No que diz respeito às mecânicas de jogo, estas ainda são as de um jogo de aventura gráfica, mas com suporte ao rato muito limitado, pois ainda teremos de escrever comandos para desencadear as acções pretendidas. Ou seja, ainda teremos aqueles momentos um pouco frustrantes em que não sabemos bem que palavras usar, ou teremos de estar numa localização pixel-perfect para o comando ser válido. Mas felizmente todas as secções de condução foram agora simplificadas, pois basta entrar no carro e escrever drive mais a localização pretendida. A restante jogabilidade e puzzles ainda se baseiam muito na correcta utilização dos protocolos policiais, mas já não os achei tão aborrecidos quanto no primeiro jogo. É verdade que continuamos com muitas maneiras de perder o jogo, afinal isto é uma aventura gráfica da Sierra, mas achei a história como um todo e os seus desafios bem mais interessantes. Uma coisa que me esqueci de mencionar no artigo anterior é que os primeiros 3 Police Quest foram produzidos por Jim Walls, um ex-polícia, logo a história foi baseada nalguns factos reais e daí o jogo ter também um grande foco em realismo para a época. O mesmo acontece nesta sequela.

Continuam a haver muitas formas de game over, e teremos de continuar a seguir o protocolo policial, especialmente nos confrontos armados e análise forense

Graficamente é um jogo que corre num novo motor gráfico, que suporta maiores resoluções, logo mais detalhe no ecrã. Ao contrário da série Larry, esta Police Quest sempre quis ter uns visuais mais sérios e realistas e este novo motor de jogo permite-lhes isso, embora ainda com a limitação de poucas cores no ecrã devido ao standard EGA que na época ainda era o topo de gama nos PC. Mas apesar de eu não ter desgostado de todo do aspecto mais realista deste Police Quest II (por outro lado não gostei nada da versão realista do Larry) continuo a apreciar mais o primeiro jogo por ter visuais mais minimalistas e com um pixel art mais cativante na minha opinião. Por outro lado este lançamento já suportava algumas placas de som e as músicas têm todas um feeling muito à Miami Vice, que sinceramente apreciei bastante.

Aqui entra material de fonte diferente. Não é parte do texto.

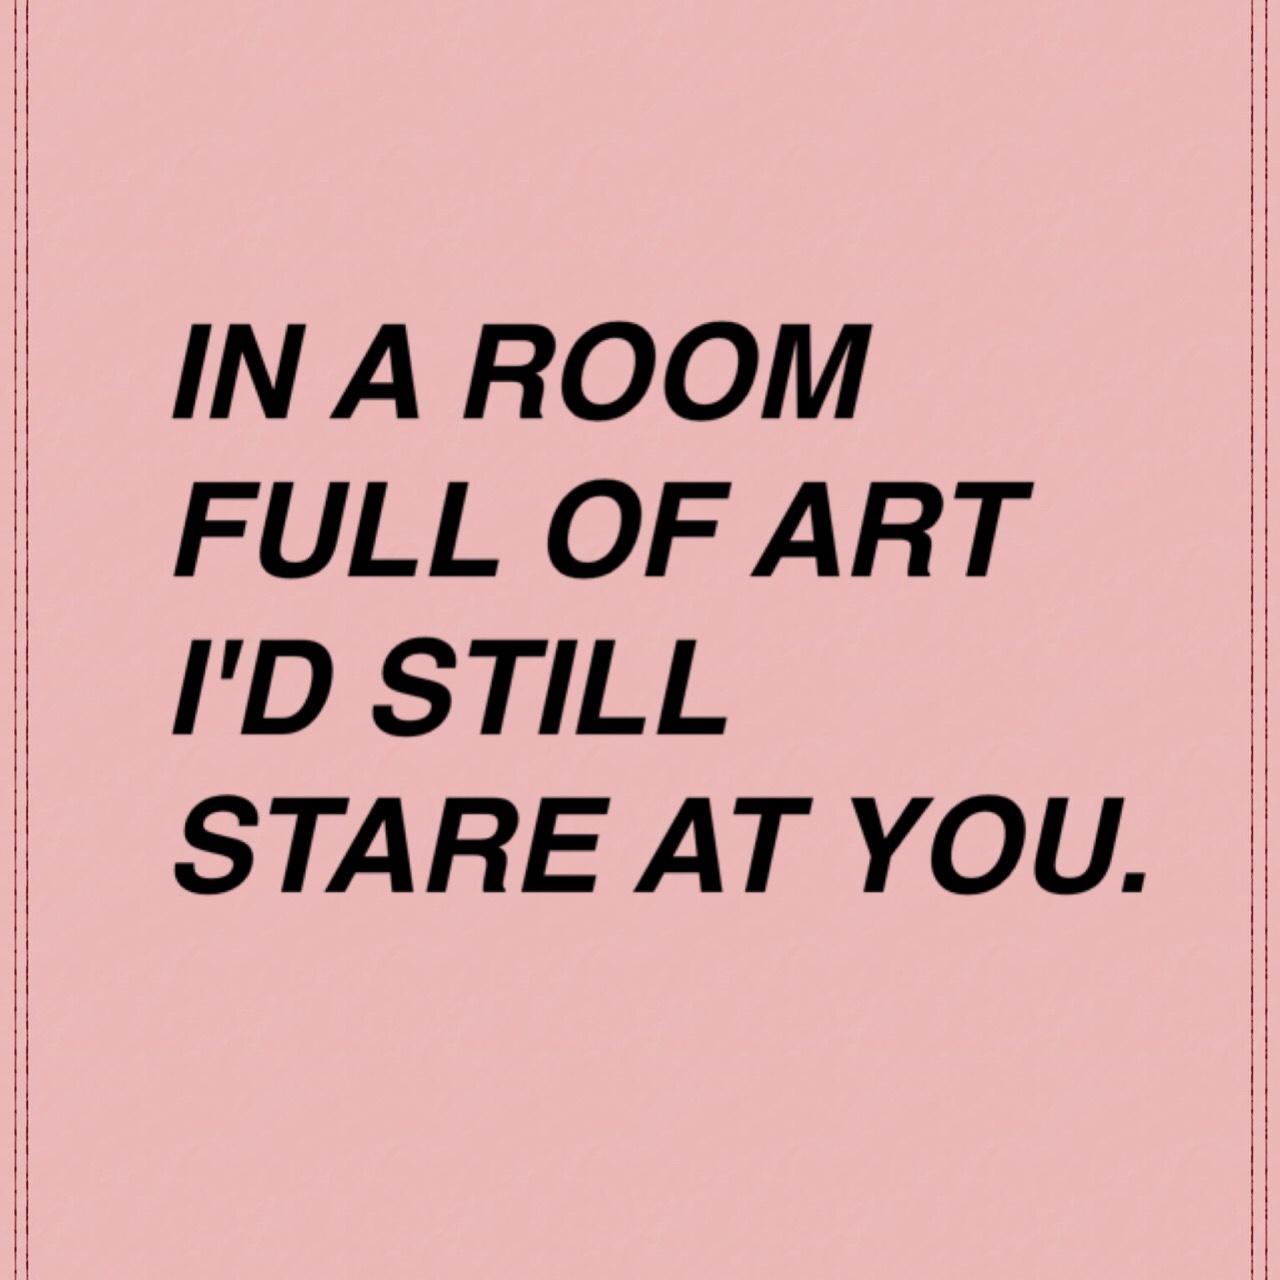 #ArtBasel babe

Com o novo motor gráfico os visuais são mais realistas embora ainda com poucas cores. Sinceramente continuo a preferir o look mais minimalista do primeiro jogo!

Portanto devo dizer que gostei bem mais deste segundo Police Quest em relação ao primeiro, principalmente por terem descartado as secções de patrulhamento e pela história ser mais interessante como um todo. A ver como evoluiu a série no Police Quest III, que teve ainda a produção a cargo do ex-polícia Jim Walls.